I know a short bald guy in his 50's who currently has three 30-ish girlfriends (russian golddiggers, I think) he found over the internet. However, I think his entire life (outside of work) consists of chasing women over the internet. He also claims great skill at writing seductive emails. The internet works for weird people seeking compatibly weird wives also.

On the other hand, for me, internet == FAIL. It would have filtered out 2 of my 3 serious relationships.

Last, you are probably too young for internet dating to work. I get the impression it's more for the 30+ crowd who didn't get tied down when they were younger.

I've been interested in this as well. I've joined Plenty Of Fish because it was free and I have nothing to lose (except my dignity maybe?).

I'm a big proponent for joining things outside your comfort zone. Take an internship, join Habitat for Humanity, get into a running club, or do some type of intramural sport...whatever you're interested in.

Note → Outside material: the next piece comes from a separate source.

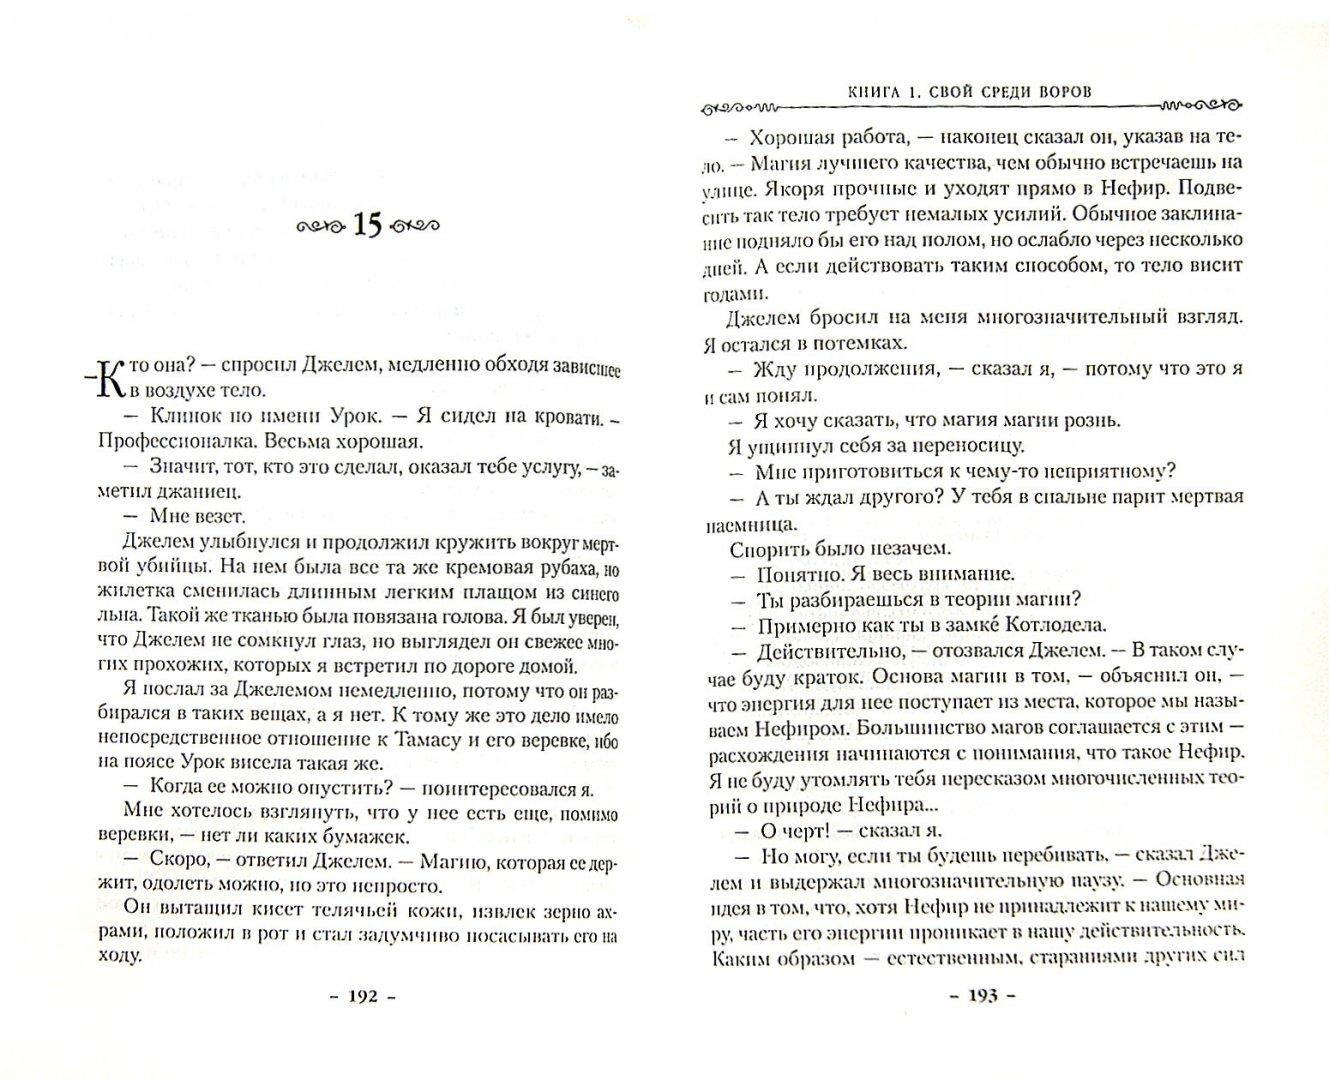 Иллюстрация 1 из 8 для Легенда о круге. Книга 1. Свой среди воров - Дуглас Хьюлик   Лабиринт - книги. Источник: Лабиринт

Dating takes a lot of work, and if you expect something to come to you, it probably won't happen. You kinda have to throw yourself into the situation to see some success.

It's difficult everywhere for different reasons. If you're in a city, the 'quality' folks aren't generally using it and you'll waste a lot of time, money and silly dates to get anywhere. Especially now. Six years ago, you could make great friends in Boston on craigslist, for instance. Now? Enjoy that healthy dose of spam.

Out west, where it's not as populated or where it's long distances to find new folks, you can successfully find weird people or who have diverse (so there, considered strange) interests, but you're simply going to still waste a lot of time.